As part of the inclining block rate, the city essentially identifies water used for irrigation or other accessory uses by comparing against each individual household’s average winter use for the months of December, January and February. There are three rates, and households are charged the lowest rate if their winter water use and nonwinter water use are roughly the same. The block one rate, at $6.70 per 1,000 gallons, is lower than the residential rate that will go into effect on Jan. 1, which is $6.96 per 1,000 gallons. As a household uses more water, it is charged more per gallon for the water used over certain thresholds, meaning a household could be charged up to three different rates for its water usage.

More specifically, if a household uses 125% or less of its winter average during the nonwinter months, it is charged $6.70 per 1,000 gallons of water, the lowest residential rate, or the block one rate. If a household uses more than 125% of its winter average, it is charged 10% more for the gallons used beyond 125%, or the block two rate.

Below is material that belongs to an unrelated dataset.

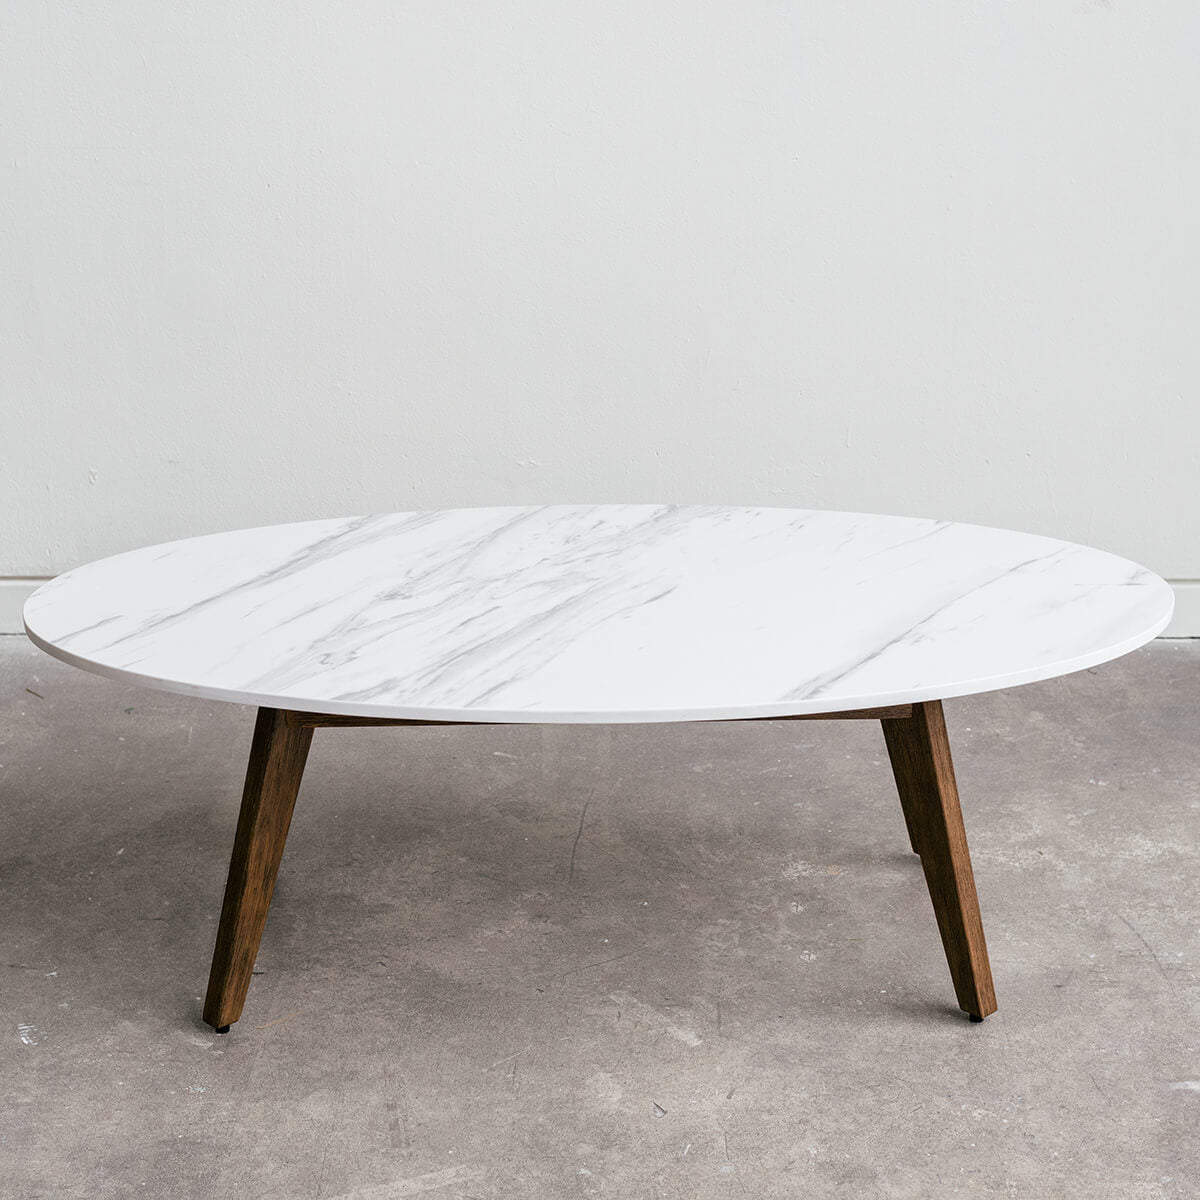 Mim Concept  best Modern furniture stores in Toronto, Ottawa and Mississauga to sell modern contemporary bedroom furniture and condo furniture. Minimal mid century modern coffee side table white marble minimalist walnut wood modern organic luxury Scandinavian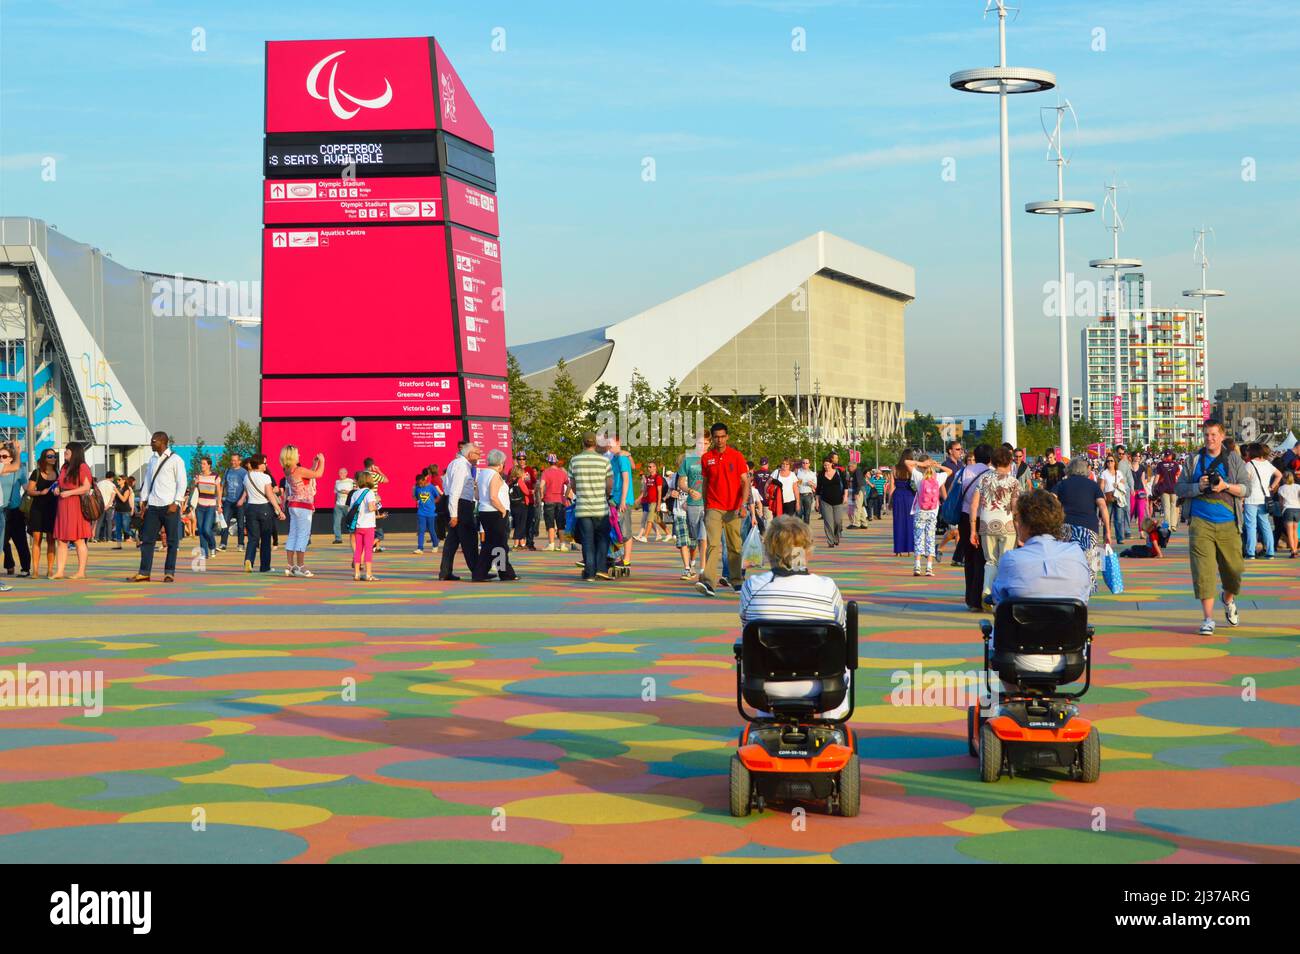 London 2012 Olympics disabled visitors & walking spectators move between sports venues in Olympic park at Paralympic Games Stratford Newham England UK Stock Photo

If the household more than doubles its winter average, it is charged 15% more for the gallons used beyond 200% of its winter average, or the block three rate.

Water volume charges in Lawrence, starting May 2020

Customer Class Inside City Outside City
Residential – Block 1* $6.70/1,000 gal $7.37/1,000 gal
Residential – Block 2* $7.37/1,000 gal $8.11/1,000 gal
Residential – Block 3* $7.71/1,000 gal $8.49/1,000 gal
Multifamily $5.33/1,000 gal $5.95/1,000 gal
Commercial $6.11/1,000 gal $6.73/1,000 gal
Industrial $5.60/1,000 gal $6.16/1,000 gal
Irrigation $7.71/1,000 gal $8.49/1,000 gal

*Residential blocks calculated using individual Winter Quarter Average

The billing blocks are determined each month, and the city’s billing system will re-measure each residential household’s winter average annually, according to a news release from the city. The release states that the new methodology encourages water conservation and provides better equity among customers. It goes on to state that households that use water for everyday tasks like bathing, cooking and laundry, with little to no additional warm-weather uses, will likely remain in the first block rate throughout the year.

Utility Billing Manager Kristy Webb pointed out that the block three water rate is the same as the city’s rate for irrigation, which will be $7.71 per 1,000 gallons beginning Jan. 1. Webb said that though houses with separate meters for their irrigation systems are uncommon, those households will essentially pay the block three rate for all irrigation. Webb also said that if a household adds people, it should inform the city and the city will take a two-month usage average that will replace the household’s former winter average, so that the household doesn’t end up paying higher rates per gallon just because it added people.

The changes come as the city is in the process of modernizing its water meter and billing systems. The city is preparing to launch a new billing system and online platform Monday, and it will begin preparations for the installation of a new automatic metering system next year. The current mechanical system must be read manually and only provides monthly water usage totals, but the new automated system will eventually enable customers to see more detailed data about their water usage. However, those improvements will not be in place by the time the new billing methodology is in place.

Deputy Director of Utilities Mike Lawless said the rollout of the new metering system would take approximately three years. He said planning and related system preparations for the installation of the new meters would begin in January and installations were set to begin in mid-2021. To update the approximately 34,000 meters in the city, he said will take from 15 to 18 months. Once residents have the new meters, they will be able to see their daily and even hourly usage.

Larsen said that she also remains interested in expanding the city’s utility billing assistance program, which currently only provides assistance to very low-income people age 60 and older. The Journal-World reported last year that the program provides assistance to less than 1% of Lawrence residents. Larsen said she planned to bring up that discussion as part of the 2021 budget process, which will begin in the spring.